A Blast to the Heart

(3 of 3)

There's never silence when Tarantino is in the room. This engaging, nonstop performer -- named by his half-Cherokee mother for the hero of Faulkner's The Sound and the Fury as well as for the half-breed (Quint) played by Burt Reynolds in Gunsmoke -- was born in Knoxville, Tennessee, and moved to Southern California when he was two. Since then, it's been a movie-mad life. His folks took him to all sorts of films, then he went on his own. He seems to have remembered -- and understood -- everything he's seen. "He's probably the best video-store clerk there ever was," says Avary, who worked with him at Video Archives. "The world of video clerks will sadly miss him."

And now those films are memorialized in Tarantino's own. "People ask if my love of movies can be too much," he says. "What annoys me about the question is the snobbery; it treats movies like a bastard art form. Could a novelist ever read too many books, or a musician listen to too much music? Well, I totally love movies."

He loves acting too. Tarantino has small roles in his two features (and a ^ hilarious turn in the new comedy Sleep With Me). He knows what actors need and how to keep them percolating. "Quentin is a great collaborator," says Thurman, a creepy delight in Pulp Fiction as a woman convinced she's in control of her life and her men. "He is extremely clear about what he wants, but he's not close minded; he's no bully." Travolta says Tarantino trusts actors: "He lets you put all the icing on the cake. For Vincent, I could mock up the hair, the accent, the walk, the talk." The result is a deft portrait of a guy who moves warily and at his own slo-mo pace, as if he needed all his concentration just to stay alive.

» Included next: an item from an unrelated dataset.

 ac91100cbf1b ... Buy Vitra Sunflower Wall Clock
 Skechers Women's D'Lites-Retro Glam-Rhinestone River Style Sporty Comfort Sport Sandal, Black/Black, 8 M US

There are plenty of subsidiary characters worth their own movie, like the suburban drug dealer (Eric Stoltz) and his trippy wife (Rosanna Arquette) -- a married couple for the strung-out '90s. Part of Pulp Fiction's fun is that memorable weirdos keep popping up in the second and third hour. Part of the movie's skill is that familiar characters reveal new depths. By the end, Jackson's Jules -- in a "transitional period" from L.A.'s baddest malefactor to Tarantino's idea of masculine sanctity -- has commandeered the film. But even Jackson, brilliant in the role, knows that all good films, like the Scriptures, begin with the Word."Films are a show-me medium," says Jackson, "and Quentin makes tell-me movies."

Pulp Fiction is Tarantino's show-and-tell extravaganza. It towers over the year's other movies as majestically and menacingly as a gang lord at a preschool. It dares Hollywood films to be this smart about going this far. If good directors accept Tarantino's implicit challenge, the movie theater could again be a great place to live in.